Lovable Scaling Ceiling: Looping Bugs and Cost Blowouts in AI App Builders
Lovable, a natural-language app builder, performs well on static landing pages and simple MVPs but degrades sharply when projects add authentication, database logic, or multi-component interactions, often trapping users in expensive repair loops.
Lovable is a generative AI app builder that produces working web applications from natural-language prompts. It is competent at a narrow tier of output — static landing pages, simple forms, basic CRUD interfaces — and rapidly loses reliability as project complexity grows. The most-reported failure mode is the looping bug: when the underlying agent attempts to fix a defect in non-trivial logic, it frequently produces a change that introduces a new defect, then attempts to fix that, and so on.
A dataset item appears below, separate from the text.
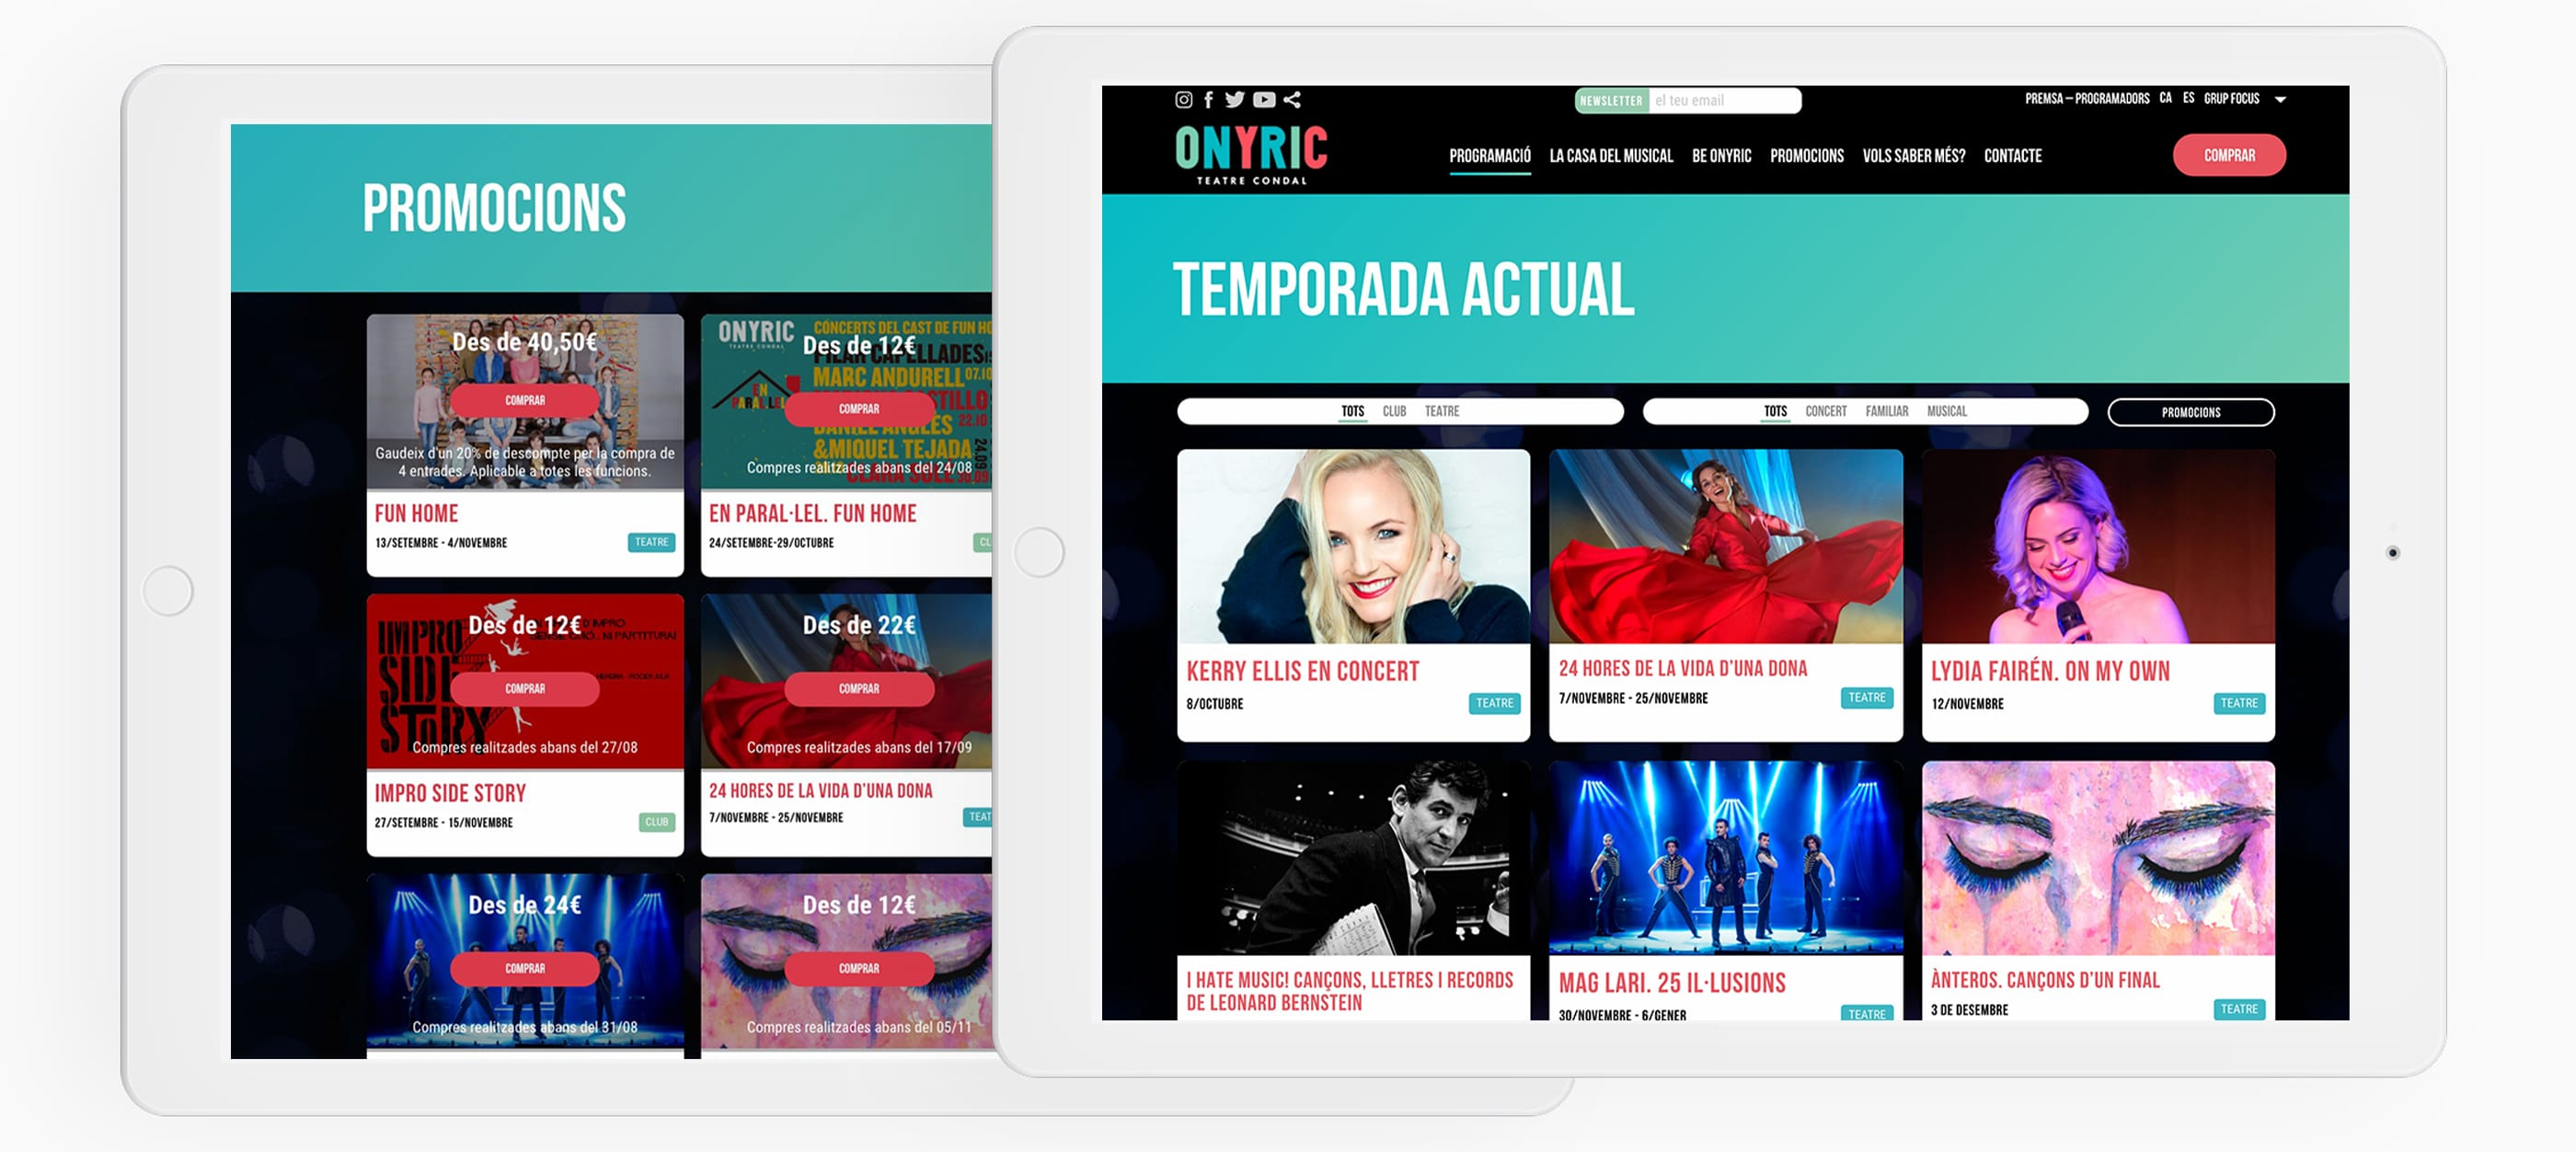 onyric teatre condal barcelona

Each iteration consumes paid credits. Users on monthly plans nominally priced around $100 have reported burning credit budgets into the $500–$1,000 range while chasing a single fix. The pattern is visible across reviews on Trustpilot, G2, and YouTube as of 2025–2026. The scale cliff is structural rather than incidental. Static page generation is a near-templated transformation from prompt to HTML. Adding authentication, persistent state, role-based access, or interactions across several components multiplies the surface area the agent must keep coherent. Current agents do not reliably hold that whole-system context, so the failure rate compounds with feature count. Secondary complaints include sparse customer support response times and a pricing model that makes it easy to overspend before the user discovers the platform's effective complexity ceiling. The practical pattern that has emerged among indie operators is to use Lovable for a marketing site or MVP demo, then hand the project to a human developer or a more controllable framework once authentication and data persistence become necessary. The broader category of vibe coding tools — Bolt, v0, Replit Agent, and others — shares the same shape of capability and failure, though specific ceilings differ. The lesson generalizes: AI app builders are powerful for the demo layer and unreliable for the production layer.